Пока он так сидел, пережидая тошноту, вернулись кавалеристы.
— Ты что, ранен? — спешившись, спросил Алагир.
— Нет. Так, на солнышке греюсь. — Ставут поднялся и обнаружил с облегчением, что ноги перестали трястись. — Вы их поймали?
— Да.
— Скажи, что они все убиты.
— Они все убиты.
Тогда Ставут заметил кровь на руке Алагира и трех лошадей без всадников.
— У вас потери. Мне очень жаль.
— За то нам и платят. Нельзя воевать с джиамадами без потерь.
— В горах, наверно, остались другие?
— Как знать, дружище Ставут, — пожал плечами кавалерист. — Нам сказали, что в этих местах видели четверых. Ты как, весной приедешь назад?
— Возможно.
— Захвати с юга бочоночек красного. В здешнем краю вино словно уксус. — Алагир, сев на коня, вскинул руку. — Ала! — И отряд ускакал прочь.
... Сейчас, на краю утеса, Ставут испытывал теплое чувство к молодому кавалеристу. Если он и впрямь решится еще раз приехать на север, непременно возьмет бочонок лентрийского красного для Алагира и его людей.
Ставут вздохнул и подошел к самому краю. Им сразу же овладело знакомое головокружение и растущее желание прыгнуть вниз. Его прямо-таки манило туда. Затем пришел страх, и Ставут отшатнулся.
— Полоумный, — сказал он себе. — Зачем ты каждый раз это делаешь?
Он заметил, что на него смотрит Скороход, и погладил коня.
— Я вовсе не собирался прыгать. — Конь фыркнул — насмешливо, как почудилось Ставуту. — А ты вовсе не такой умный, как тебе кажется, — сказал он Скороходу. — Не хватало еще, чтобы меня конь судил.
Он снова уселся на козлы, отпустил тормоз, тряхнул вожжами и начал долгий спуск в долину.
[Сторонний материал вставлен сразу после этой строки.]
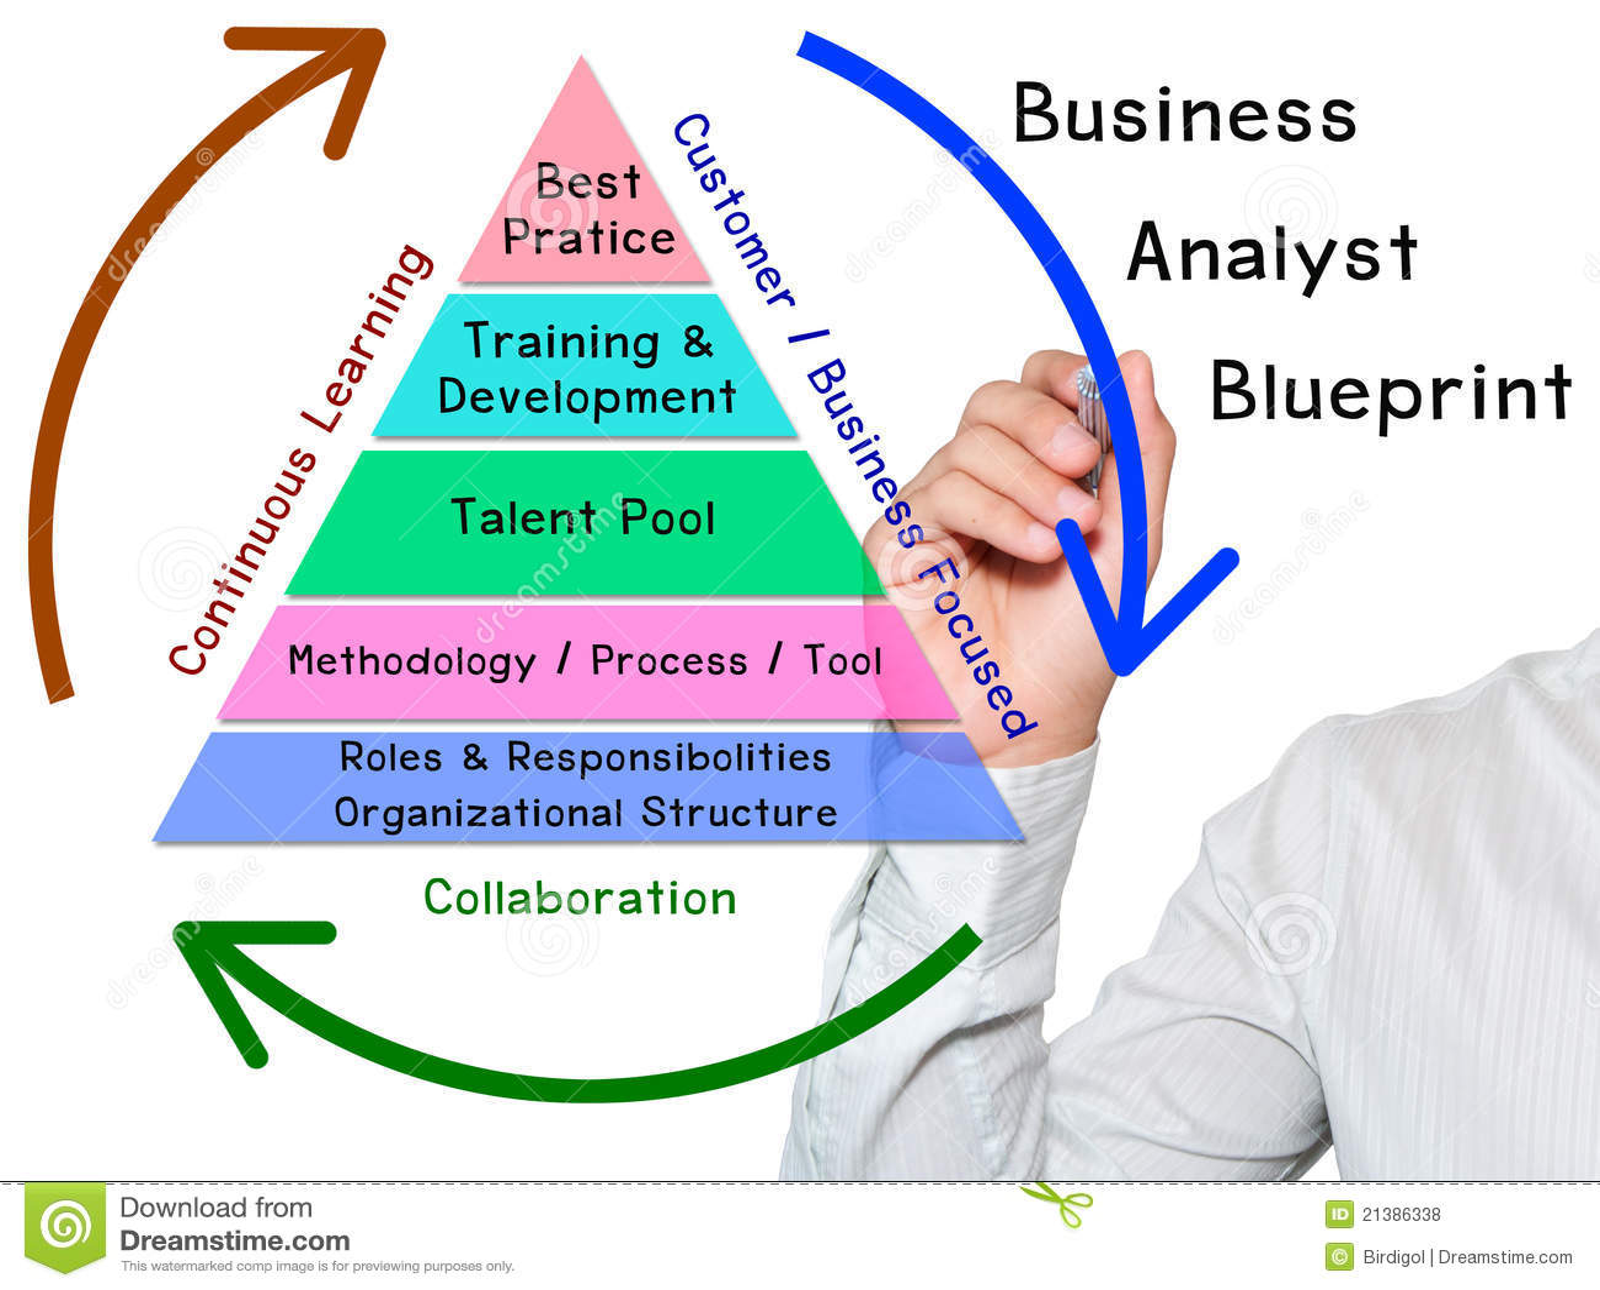 Hand write business analyst blueprint stock photo image of black download hand write business analyst blueprint stock photo image of black data 21386338 malvernweather Choice Image
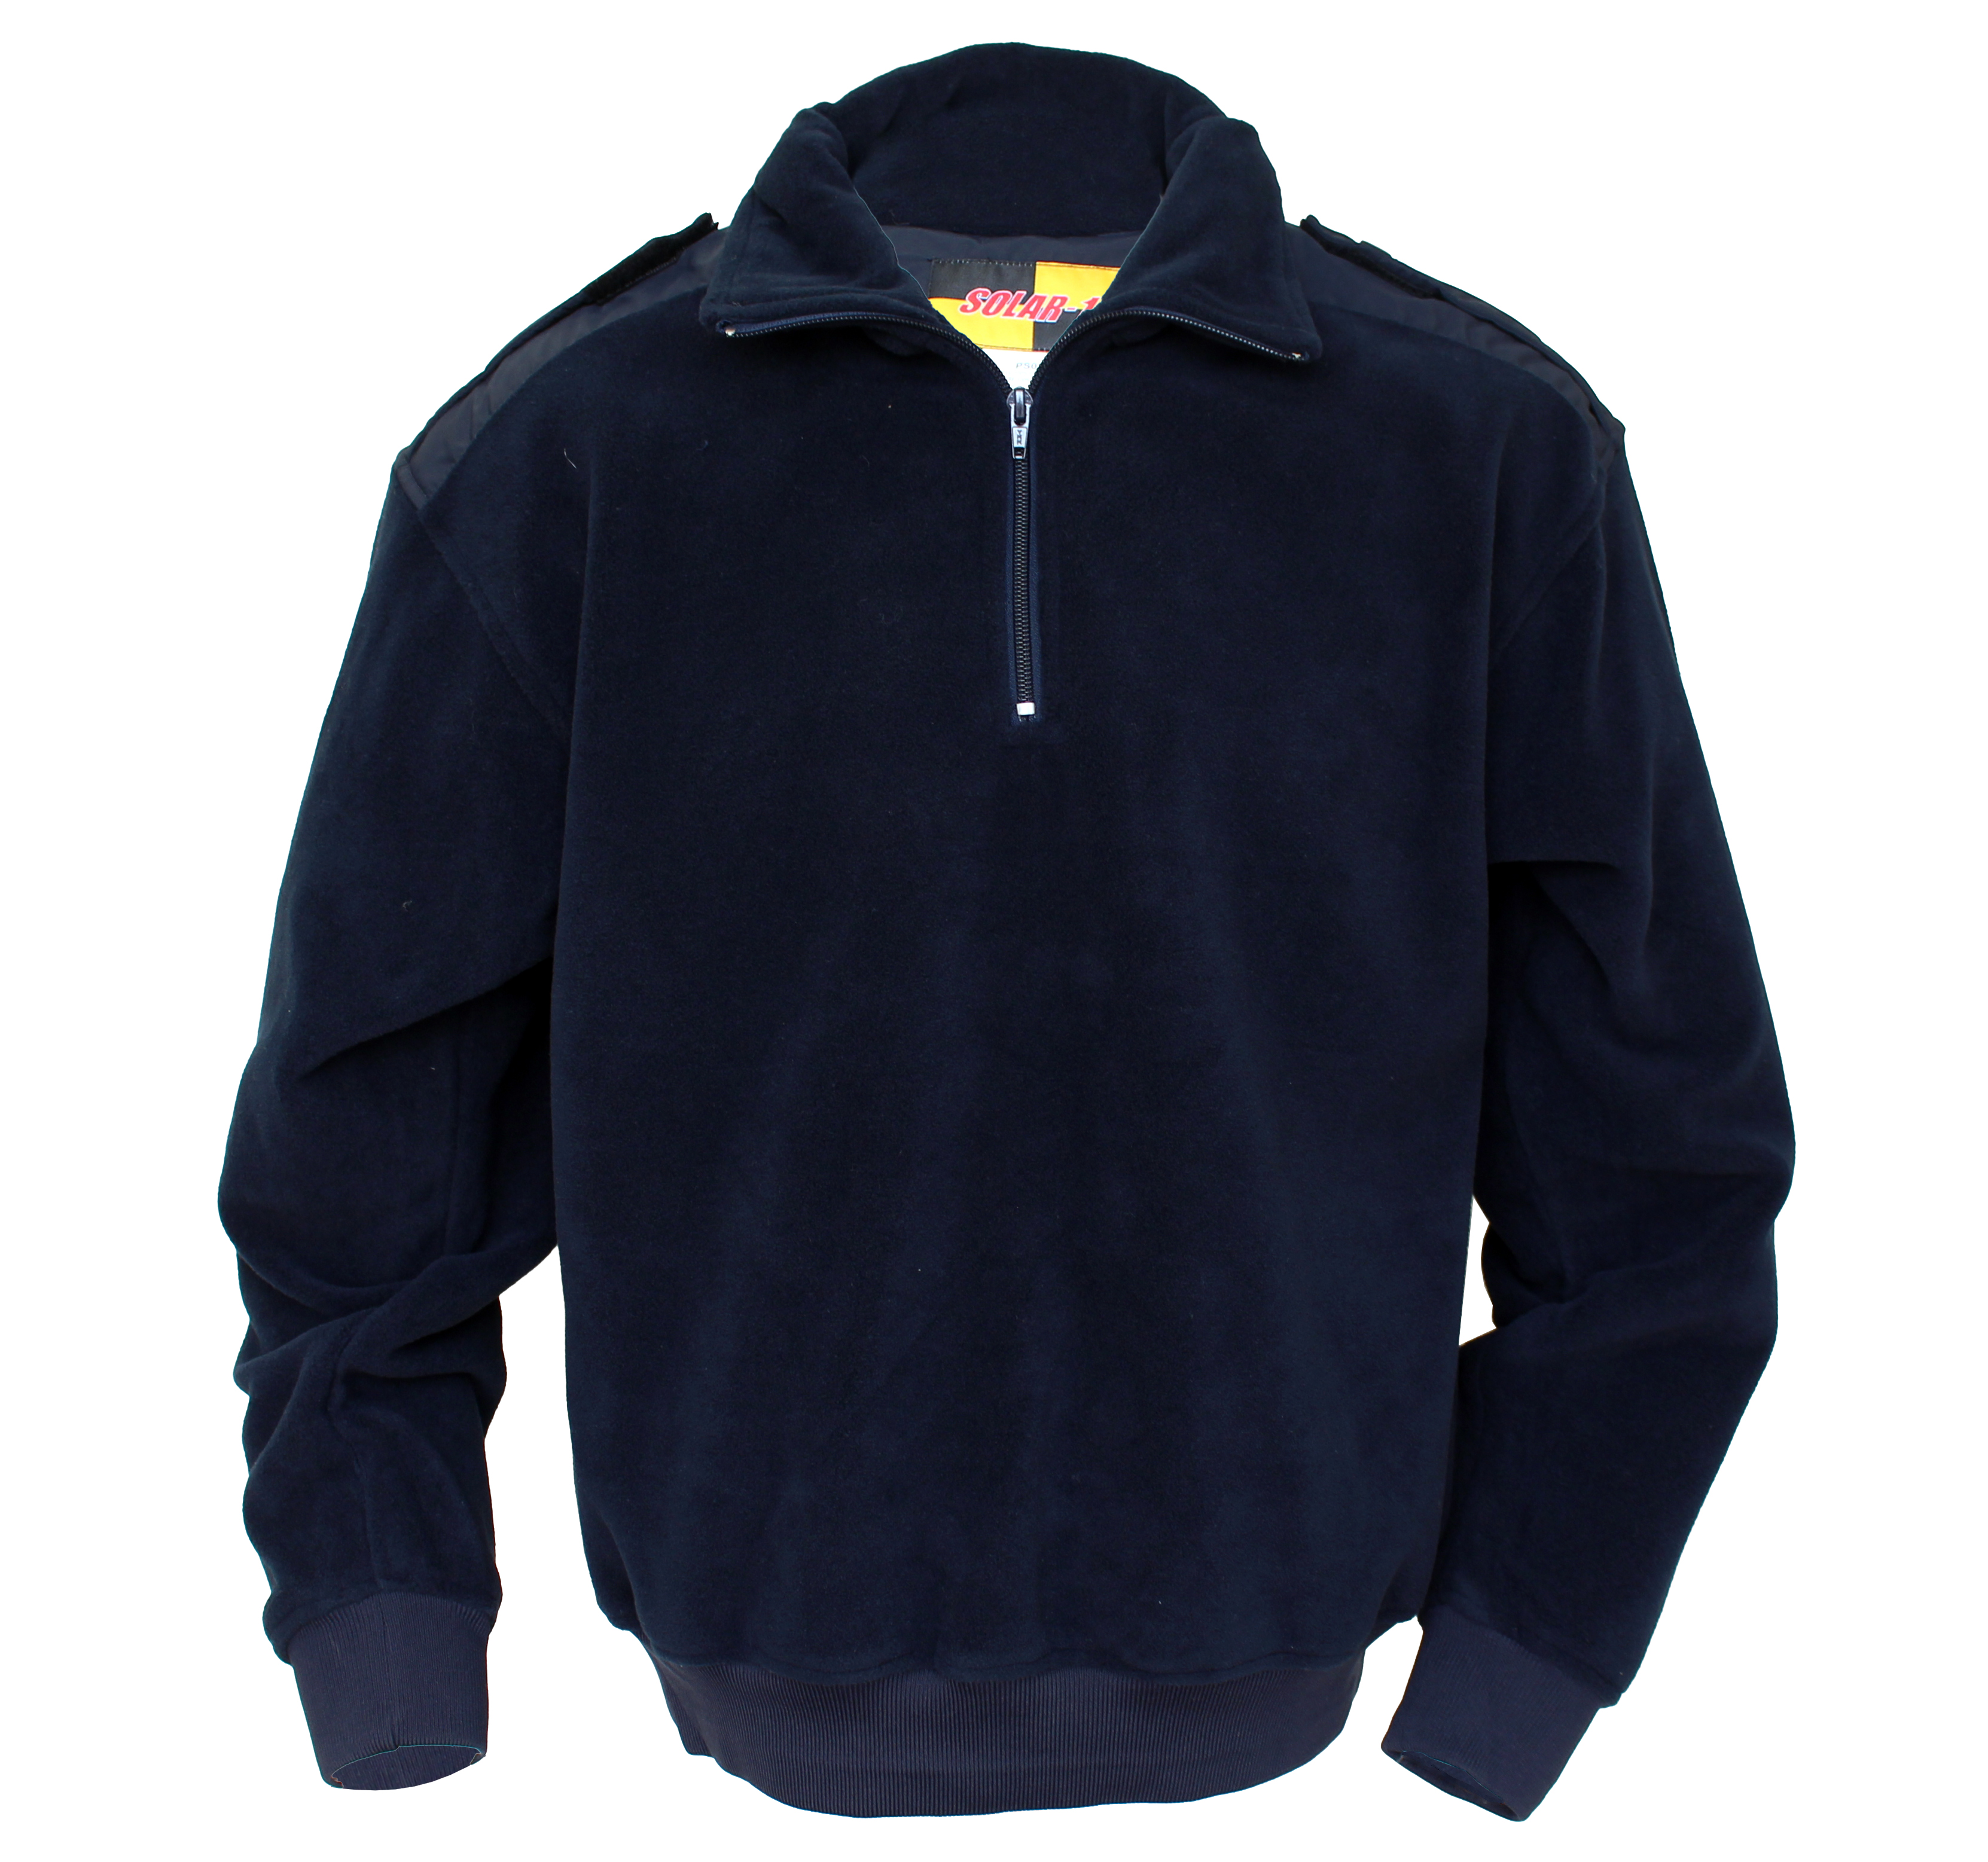 Solar-1-Clothing-Fleece-Pullover-PS01

Ставут полюбил эту деревушку — и не только за то, что здесь жила Аскари. Черноволосая охотница влекла его к себе и зажигала его кровь, как ни одна женщина до нее, но, кроме нее, он любил и горы, дышавшие покоем и наполнявшие радостью его душу. Любил добрых, гостеприимных селян и отменную кухню Киньона. Дом здоровяка Киньона служил заодно и заезжим двором. В первый его приезд, два года назад, Ставута это слегка насмешило. Он искал, где бы поесть, и одна женщина у пекарни указала ему дом Киньона. Домик был старый, с крохотными оконцами и соломенной крышей. Ставут подумал, что заблудился, хотя это вряд ли было возможно в такой маленькой деревушке. Он слез с козел и увидел, что дверь открыта. Уже смеркалось, и человек внутри вешал на стены зажженные лампы.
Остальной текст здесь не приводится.